HOW TO COMPLETE THIS TASK: Output the data unchanged and complete, minus the images.

GIVEN MATERIAL:
★ ★ ★
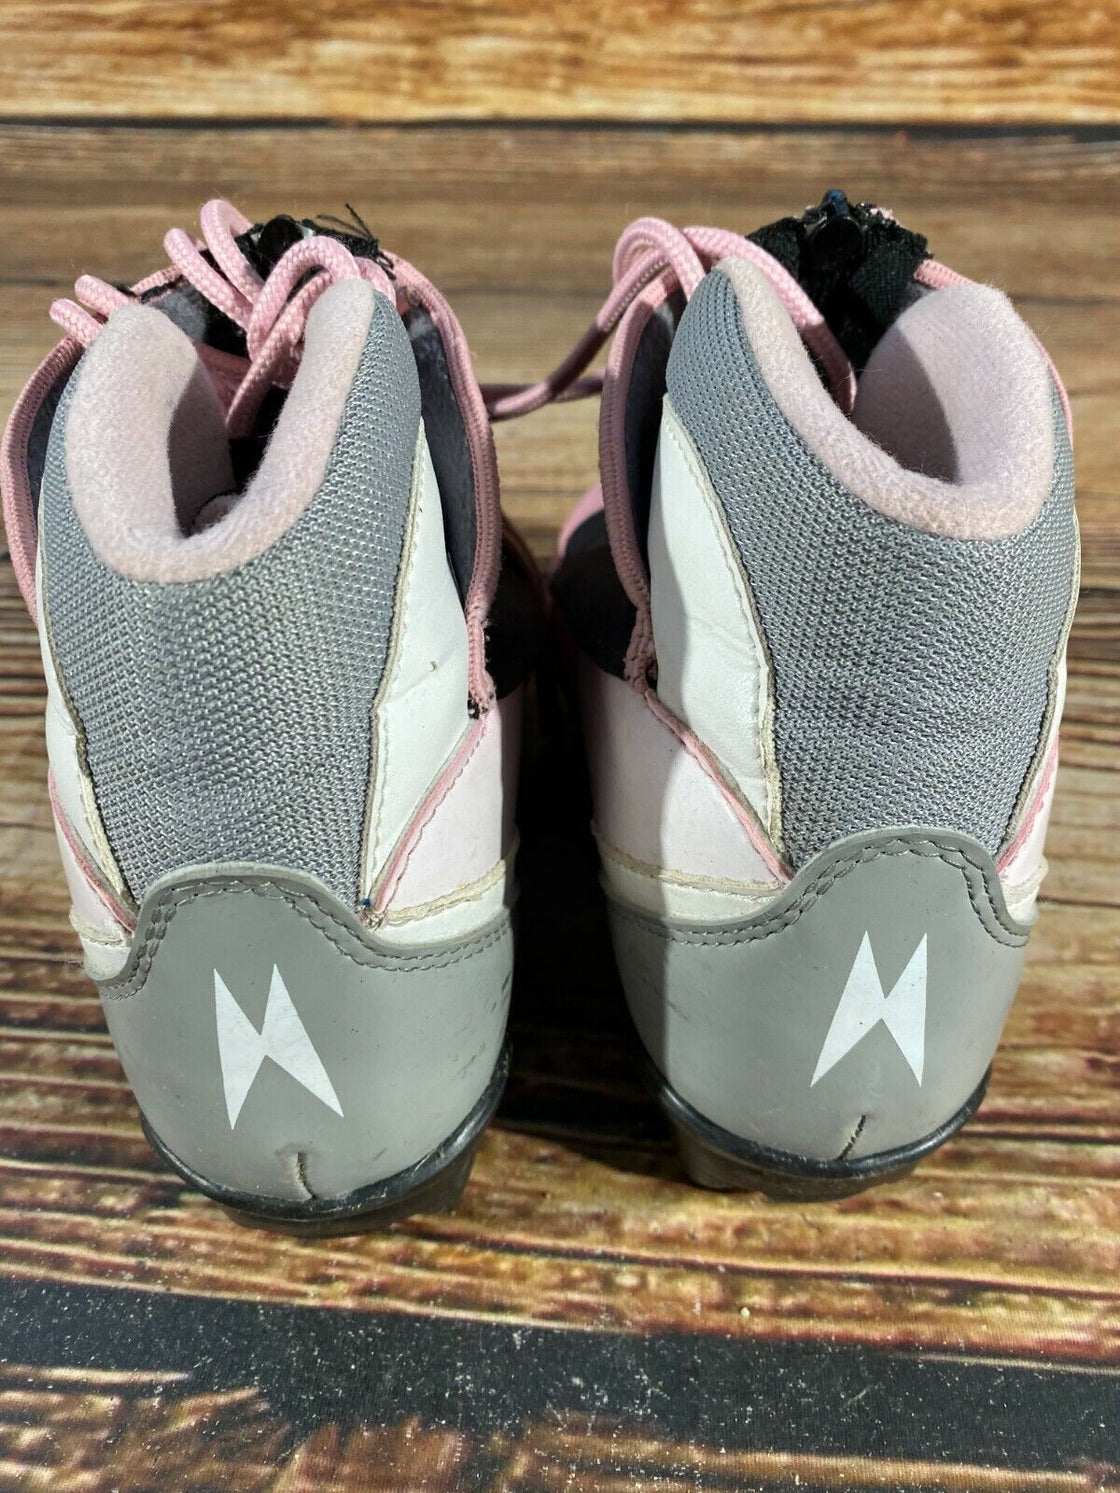 Madshus Buterfly Kids Cross Country Ski Boots Size EU32 US13.5 NNN bindings
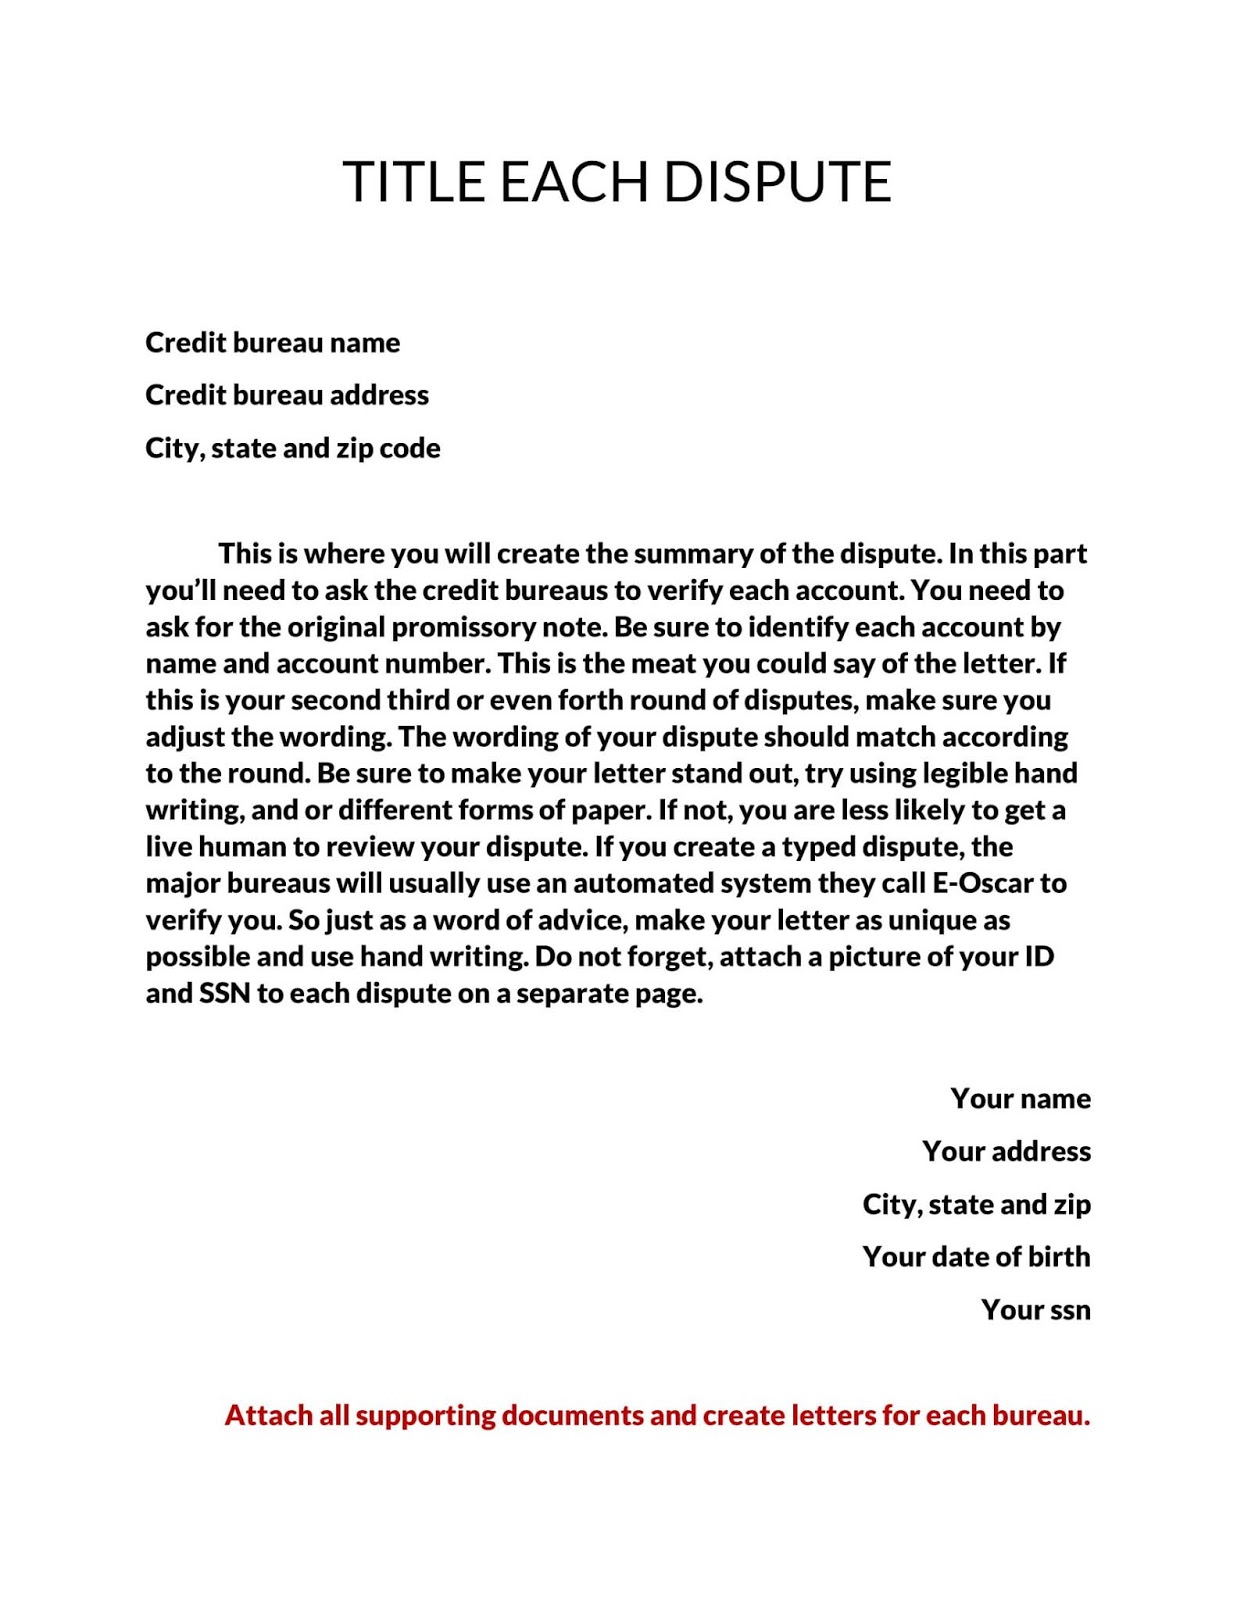 609-dispute-letter-to-credit-bureau-template-letter-format
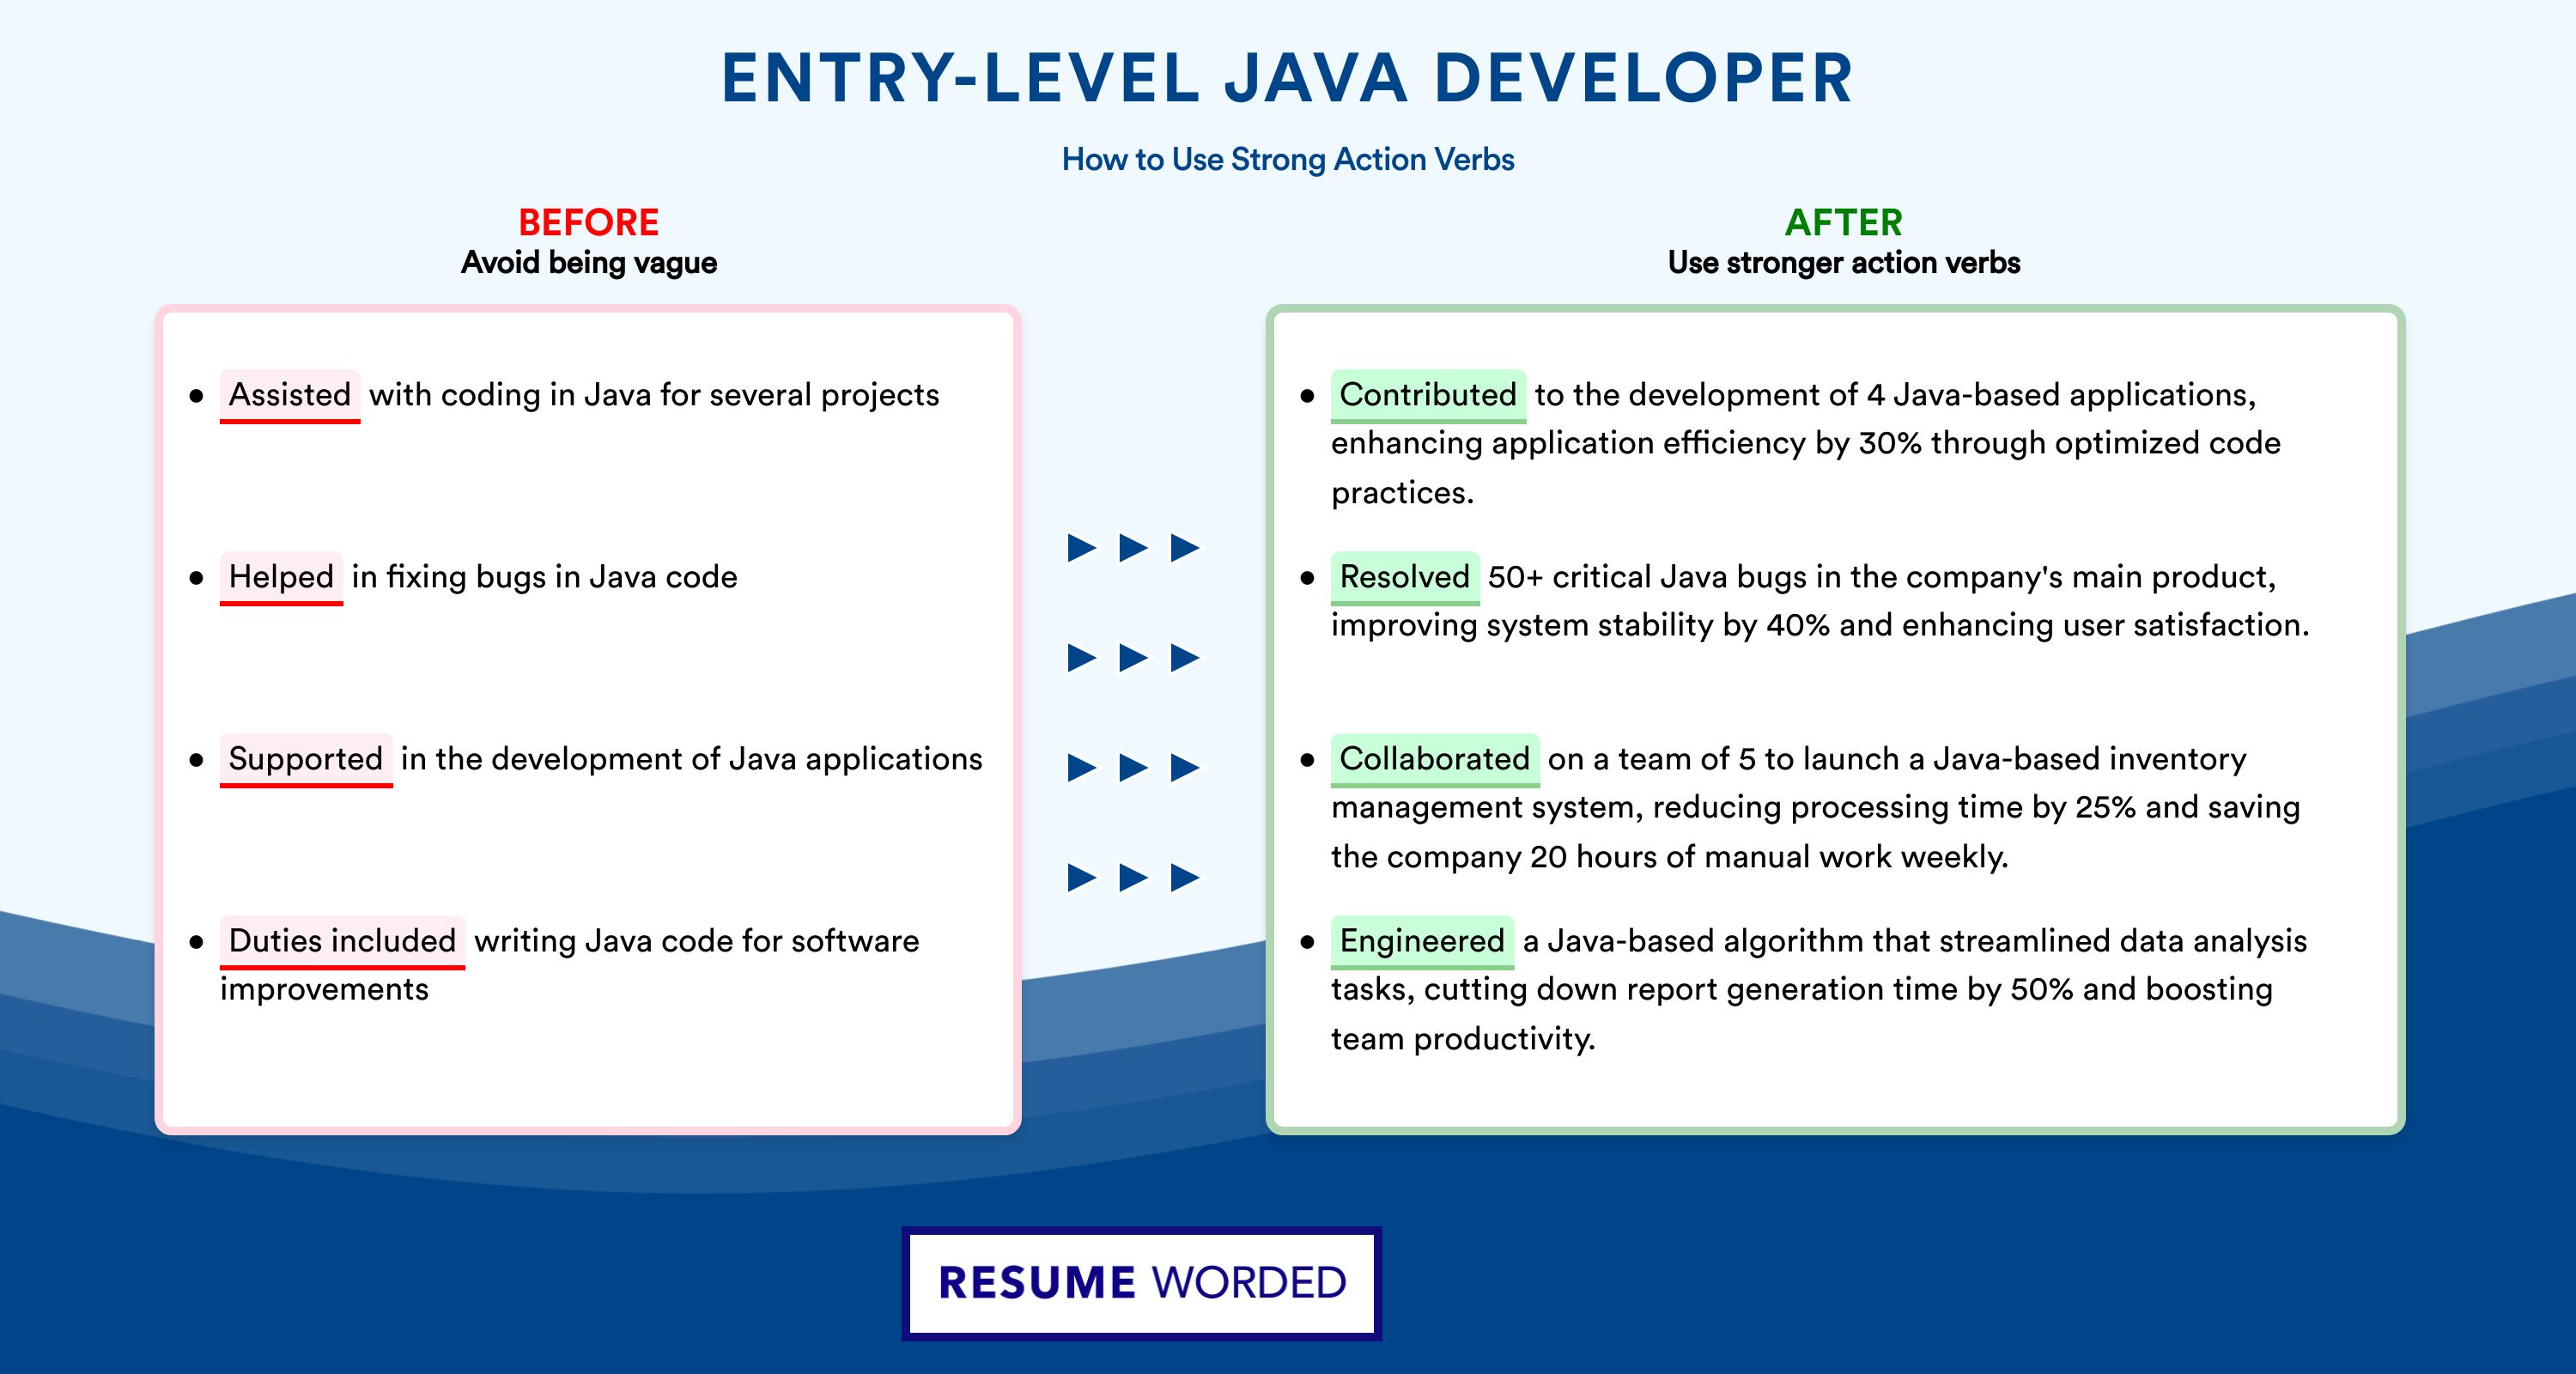 Action Verbs for Entry-Level Java Developer
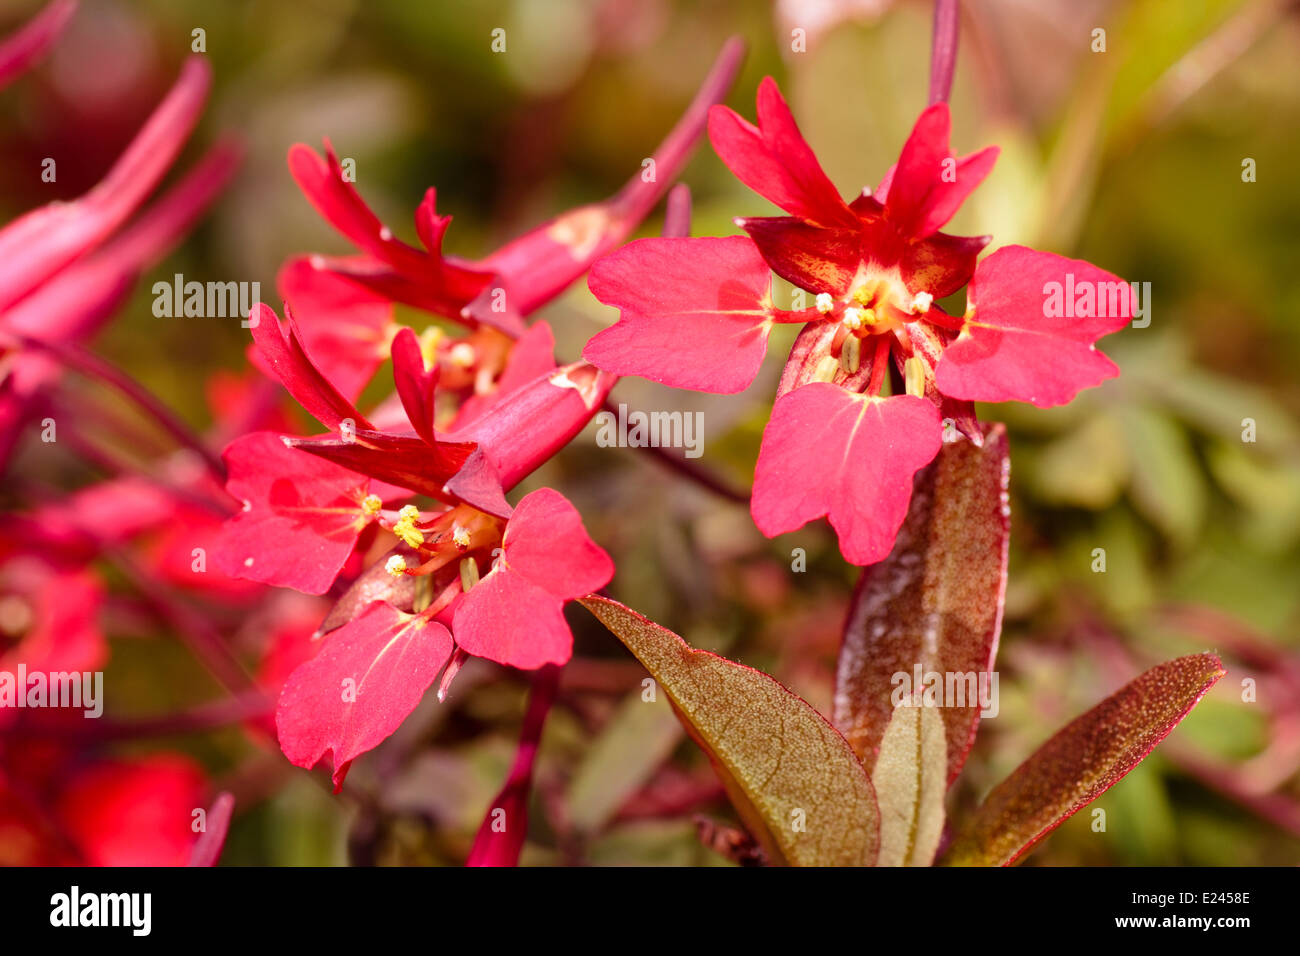 Scarlet flowers of the Scottish flame flower, Tropaeolum speciosum Stock Photo
★ ★ ★
RESPONSE FOR THIS EXERCISE:
 Madshus Buterfly Kids Cross Country Ski Boots Size EU32 US13.5 NNN bindings
 609-dispute-letter-to-credit-bureau-template-letter-format
 Action Verbs for Entry-Level Java Developer
 Scarlet flowers of the Scottish flame flower, Tropaeolum speciosum Stock Photo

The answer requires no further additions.